Figure 1 shows VR robot models of increased anthropomorphism, similar to those used by Weistroffer et al. [22]. The bottom of Figure 1 shows an example VR collaboration scene with Baxter, in which the cobot passes a tool to the user, mimicking real interaction. Note that the robot has a face, a feature found on the real Baxter. Robot anthropomorphism, apart from possibly affecting human motor performance, can also affect higher-order cognitive aspects such as the feeling of presence (see, e.g., Dubosc et al. [23]), or attributing blame in the case of error (see, e.g., Furlough et al. [24]). The use of VR allows flexible manipulation of robot and scene designs to capture these cognitive aspects.

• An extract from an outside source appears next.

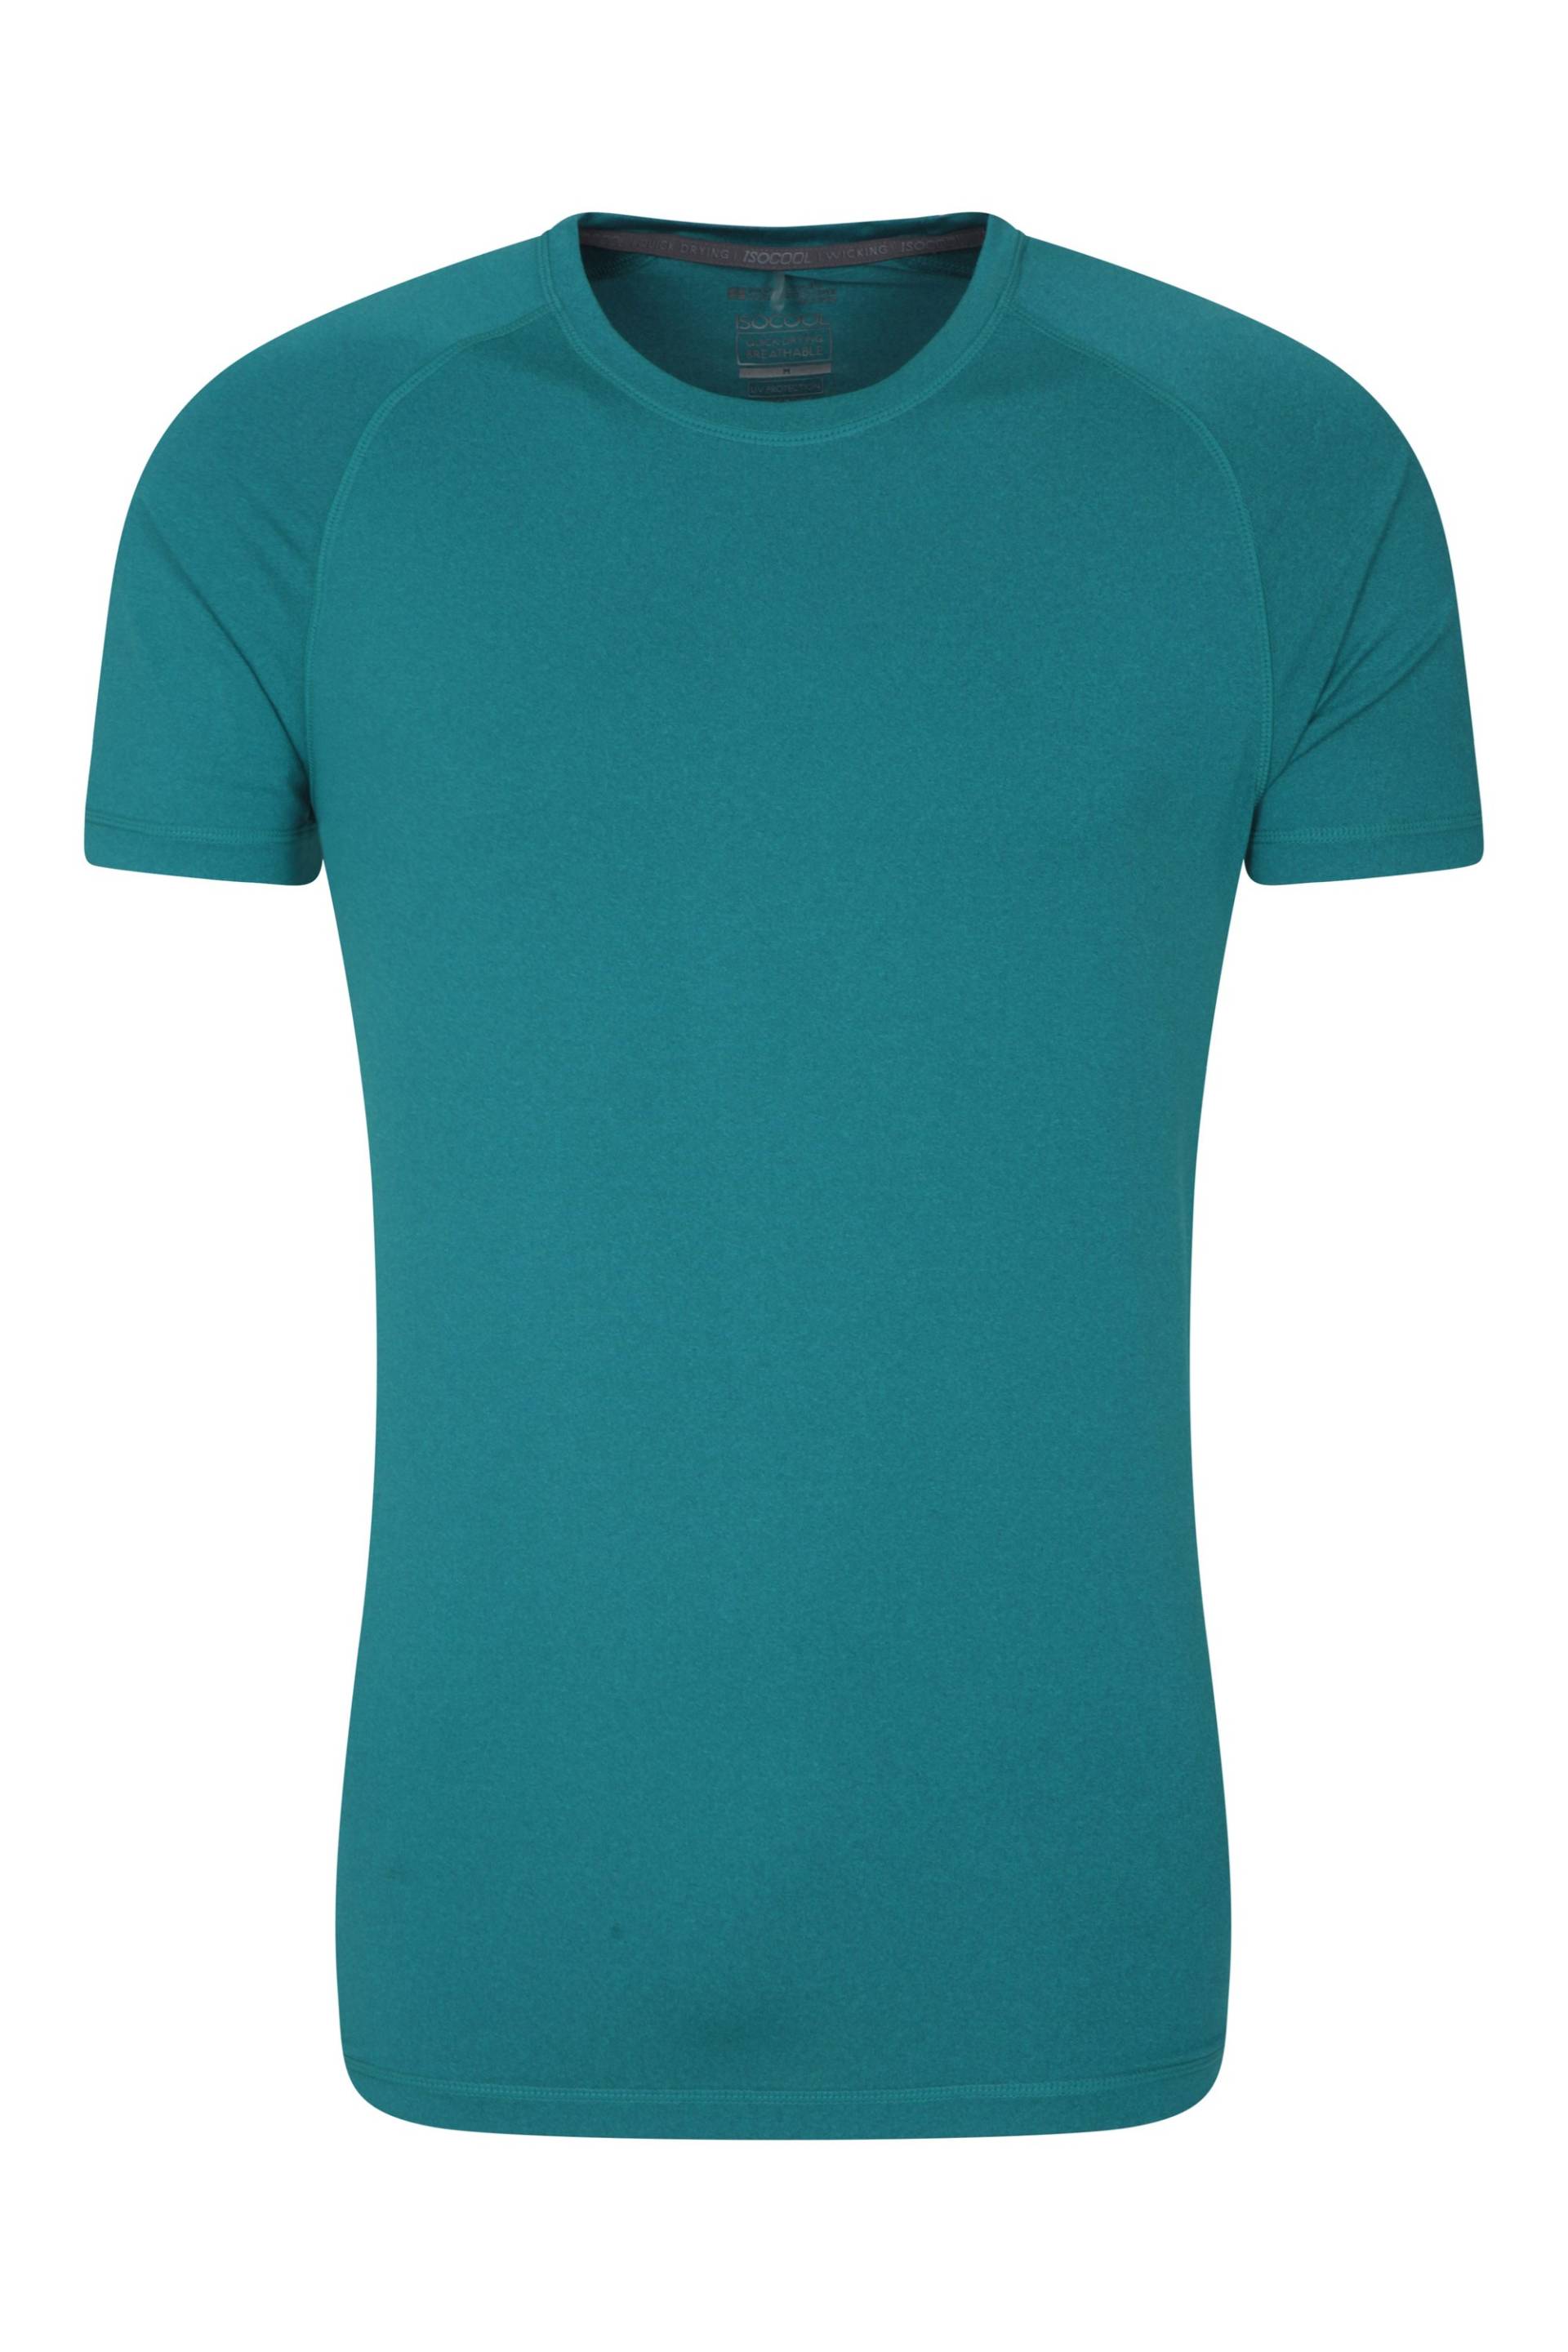 Agra Melange Herren T-Shirt - Dunkel Aquamarin von Mountain Warehouse

3. The Use of Virtual Reality for Testing Human–Robot Collaboration

Human–robot collaboration carries a physical risk to humans. For example, the robot arm can strike the operator or otherwise harm them. Therefore, operators can be stressed while collaborating with robots, which may result in their abnormal behavior, such as increased cognitive load or reduced motor performance [25]. Such dangerous scenarios are difficult to test in the natural world, implying significant limitations to user-experience testing of cobots.
In recent years, a feasible solution to test cobots while maintaining human safety is to use immersive VR environments [22,26,27]. Oyekan et al. [28] describe that, to design a collaborative environment to understand human reactions to both predictable and unpredictable robot motions, a virtual reality digital twin of a physical layout can be used. Dombrowski et al. [29] give us an interactive simulation of HRC—a technique that uses real-time physics simulation to immerse the design engineer or production planner inside a responsive virtual model of the factory—to optimize and validate manufacturing processes to achieve a better understanding of the risks and complexity of the assembly processes. Taken together, these studies demonstrate diverse approaches to testing different types of interaction scenarios and virtual cobots. This virtual testing can also be conducted for dangerous scenarios, but without putting humans at risk. For example, VR allows constructing scenes where the user is within the reach of a robot arm, thus collecting the user’s psychophysiological measures and movement patterns in those simulated dangerous scenes, but without an actual risk to the user.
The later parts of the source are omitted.